In relation to tourism, I believe more can be achieved in enhancing our tourism product, which was the largest contributor to the gross domestic product. One way is that the government should consider embarking on an authentic VI brand programme as it relates to heritage tourism, culture and traditional values. Consider opening an art and craft education centre. I believe we can create an art and craft industry that can generate good revenue. Policies should be put in place to govern this industry as it relates to raw material use, production, branding, packaging, innovation, promotion, marketing and profitability. The reality now is that a majority of the crafts that are seen in the VI are imported. We can have items that depict, for instance, the turtle dove, Anegada iguana, national dress, historical landmarks, flag, map, sloop and so on. The Crafts Alive vendors and shops geared towards tourism should have input in this undertaking that would improve economic activity. Tourism is one of our twin pillars, and it would be good to work on improving heritage tourism to generate income for our people and territory.

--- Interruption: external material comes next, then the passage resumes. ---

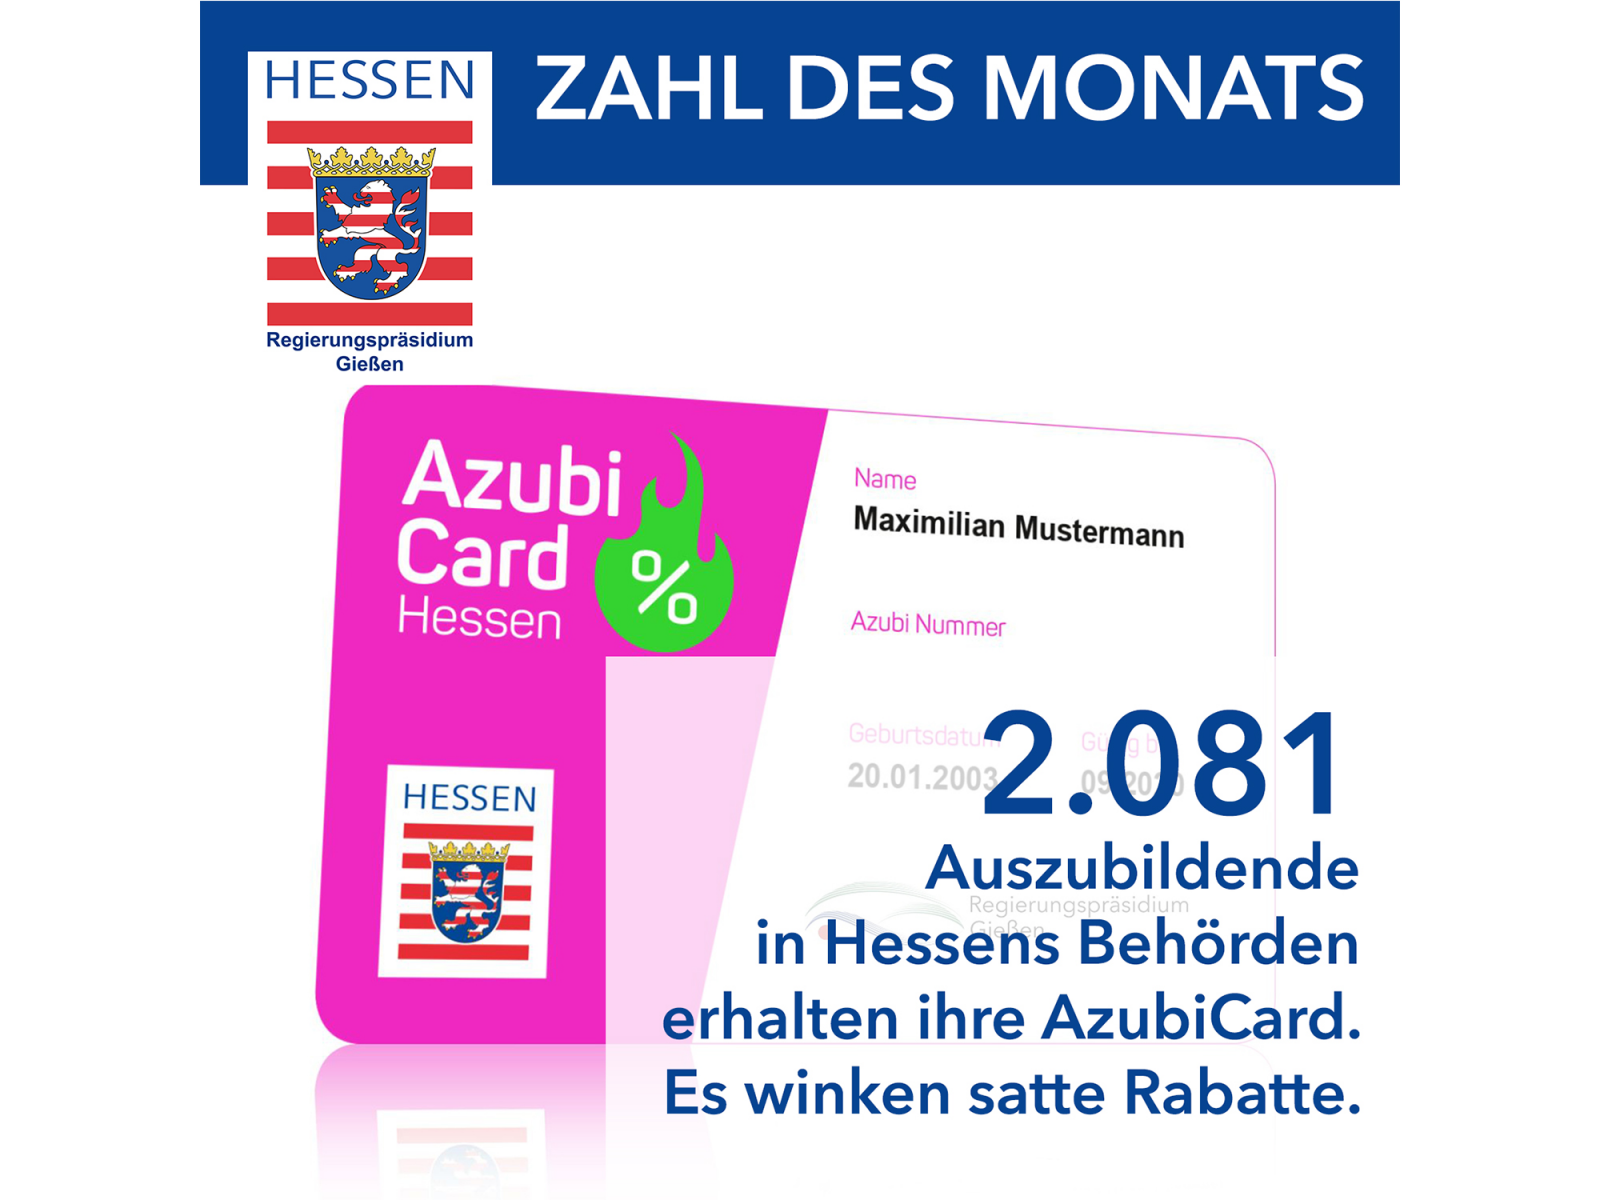 Regierungspräsidium Gießen ist zuständig für Auszubildende in Hessens Behörden – AzubiCard wird verschickt

The VI should also attract international investors, carefully, for some of its capital projects. The territory certainly doesn’t want to look like a borrowing machine for every major undertaking. Promoting the territory in the area of trade and commerce and forging strategic partnerships will help our economy. Areas that can be considered are agriculture and fisheries, water and sewerage, hospitality, telecommunications and some sort of economic zone for international companies to set up physical offices here to spur job creation.

Work time and business revenues are lost due to poor internet and telephone connections. Data charges are a big problem that needs to be tackled. Residents are not getting value for money. This is an area that requires meaningful government intervention.


Agriculture and farming

Please refer to comments under business and economy. I see agriculture as more of a development issue rather than a recovery issue given the limited amount of agriculture we produced before the weather events. This area requires great exploration as to how we can achieve sustainability. I believe the territory should seek international partnership to develop this industry to make it sustainable. Therefore, money spent here should go beyond recovery.


Other recommendations

I also suggest the following.

  • Since the youths are our future, revitalise the VI Youth Parliament and engage it in the decision-making process.
  • Have a mandatory evacuation plan in place for any serious disaster threat. People may need to evacuate for medical reasons, for instance, or simply just to save lives.
  • Development of our territory is vital and I look forward to having more information on the proposed expansion of the Terrance B. Lettsome International Airport. However, I do not view this capital project as a part of the recovery process as suggested in the plan. If we do not have a solid investor, then this capital project could be on hold for a while. I note that $50 million was allocated on the cost estimate for the short term, which may indicate more information could be forthcoming. If you separate this capital project from the plan presented to the public, then the suggested financial need is really in the region of $500 million less any other development/expansion projects that are being proposed.